— Task item —
Begin at the line that has "Increase in the", stop after the line that has "#digitalmarketingagency #onlineadvertising #semtitansdigital", and print exactly those lines from the records below, without any pictures.
#### Task material
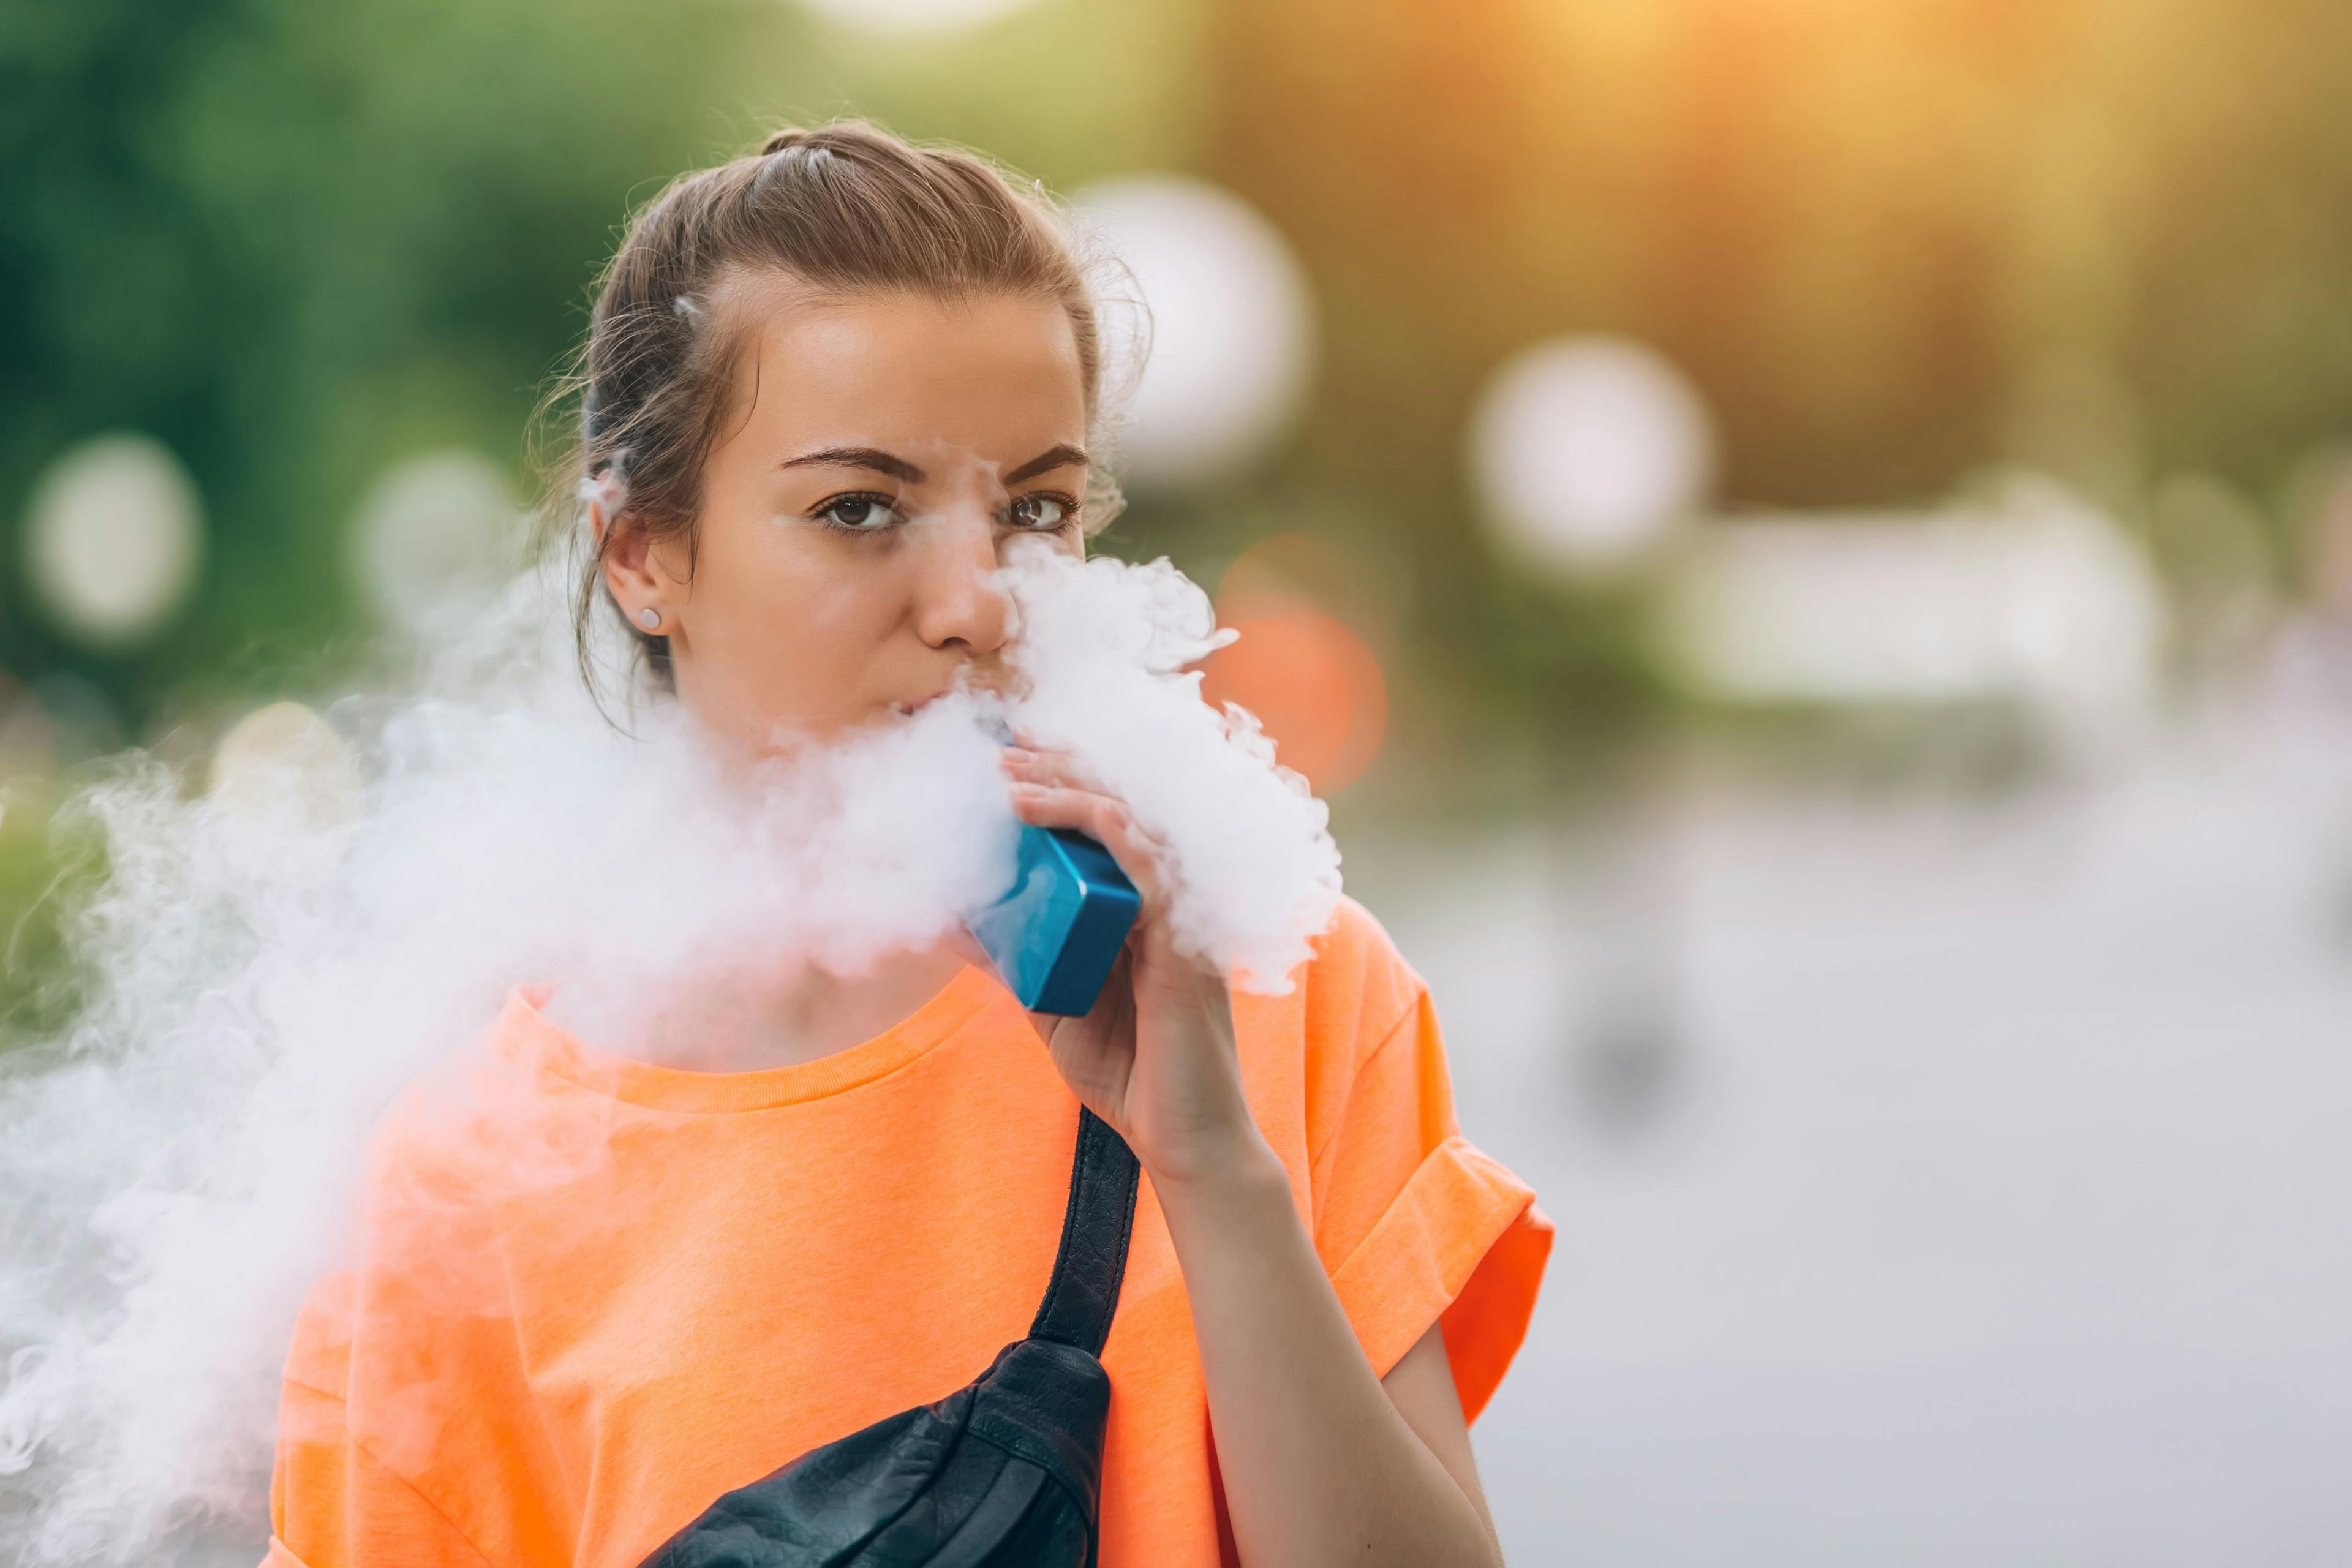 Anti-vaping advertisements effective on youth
########
#### Task material
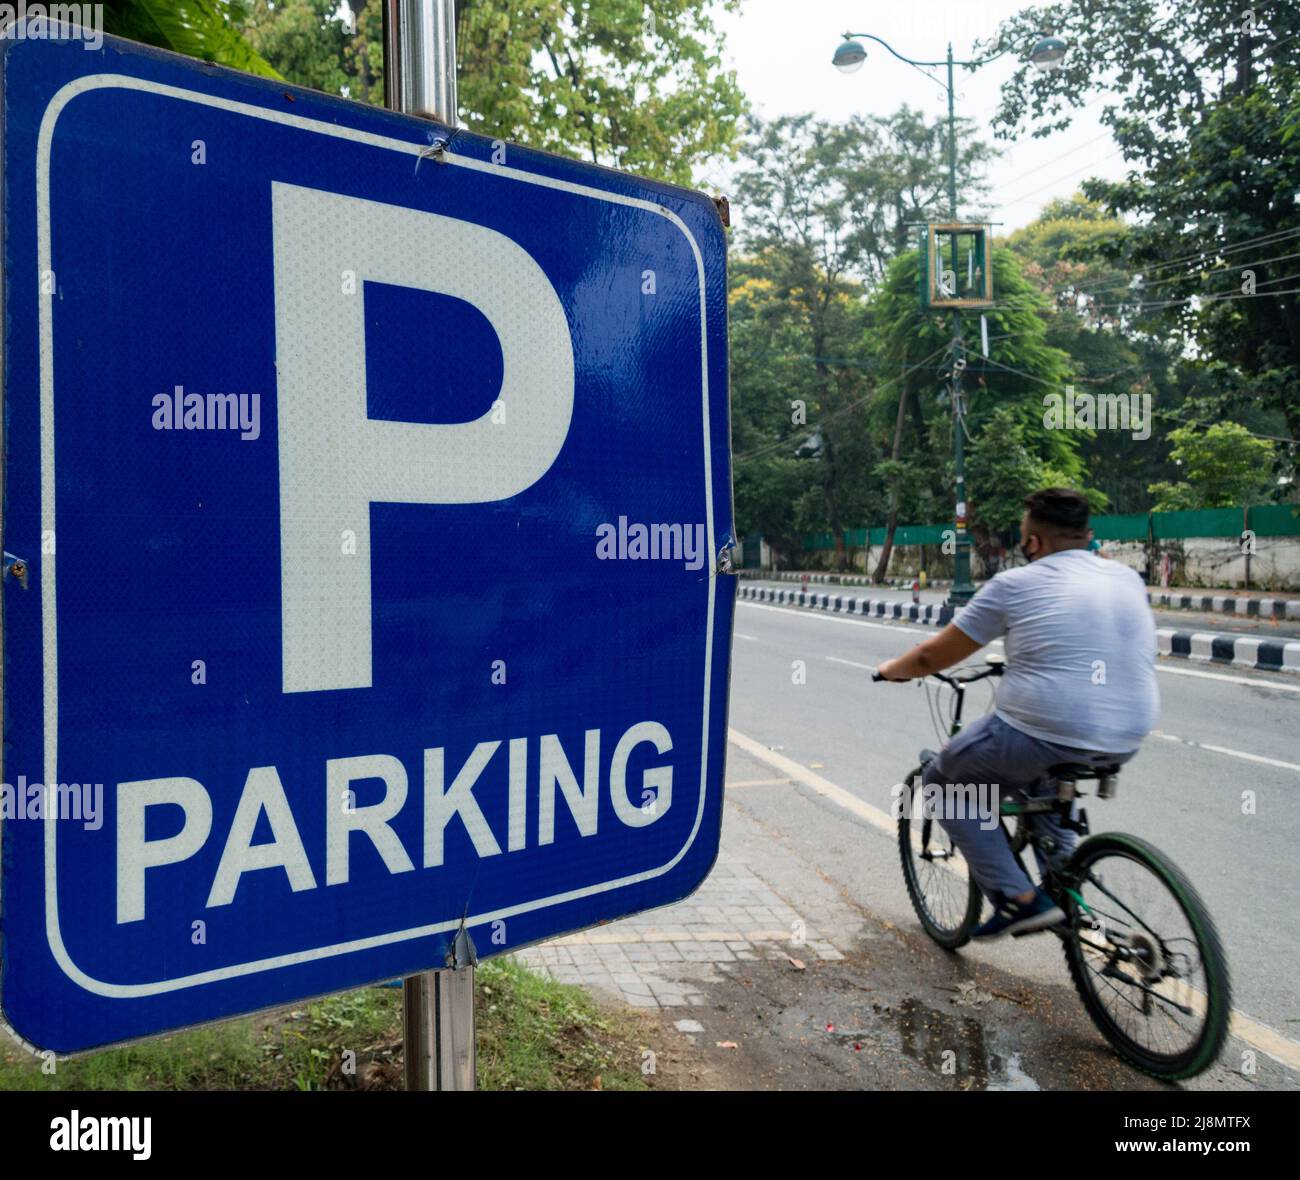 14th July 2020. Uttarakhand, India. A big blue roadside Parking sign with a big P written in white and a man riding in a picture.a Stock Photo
########
#### Task material
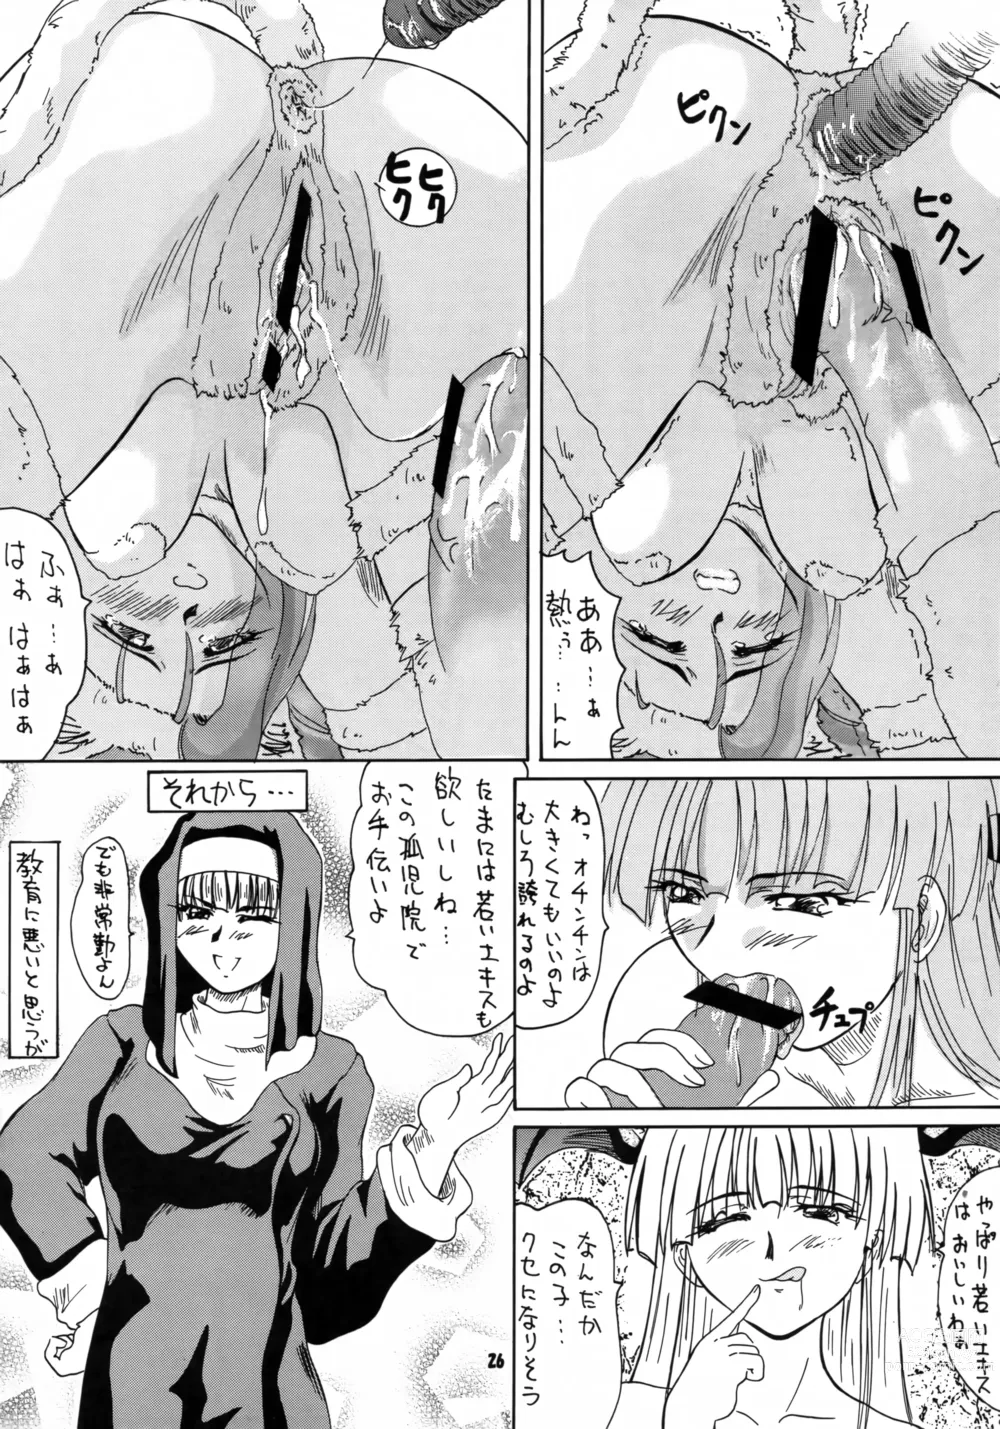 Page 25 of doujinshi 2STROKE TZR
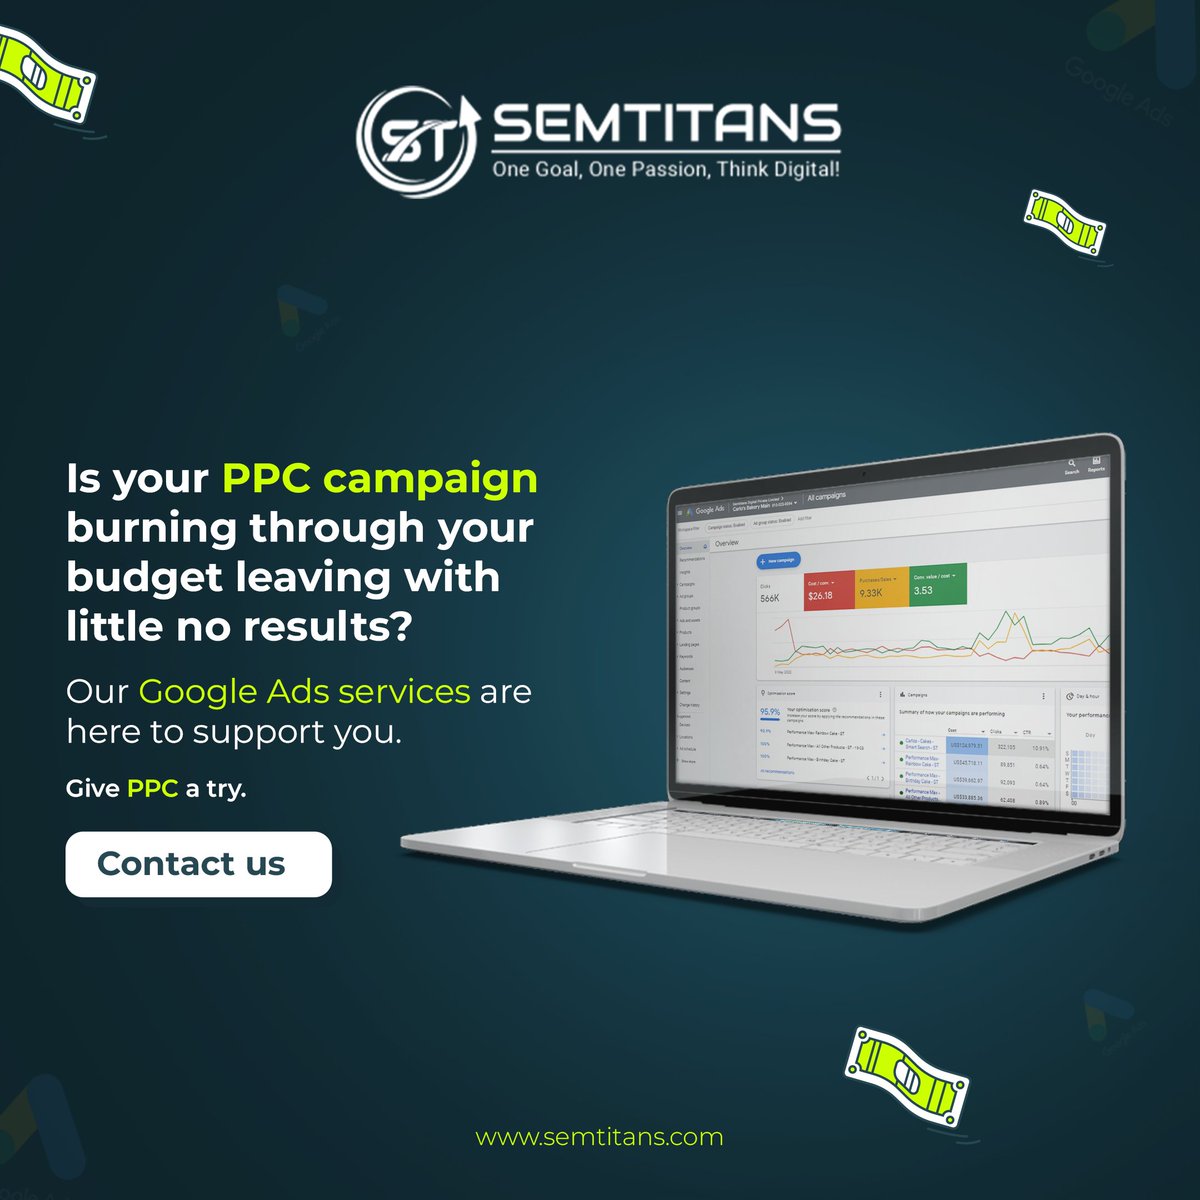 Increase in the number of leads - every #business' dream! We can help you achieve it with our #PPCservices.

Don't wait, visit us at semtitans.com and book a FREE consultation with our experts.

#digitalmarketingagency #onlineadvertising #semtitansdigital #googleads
########
— Exercise result —
 Increase in the number of leads - every #business' dream! We can help you achieve it with our #PPCservices.

Don't wait, visit us at semtitans.com and book a FREE consultation with our experts.

#digitalmarketingagency #onlineadvertising #semtitansdigital #googleads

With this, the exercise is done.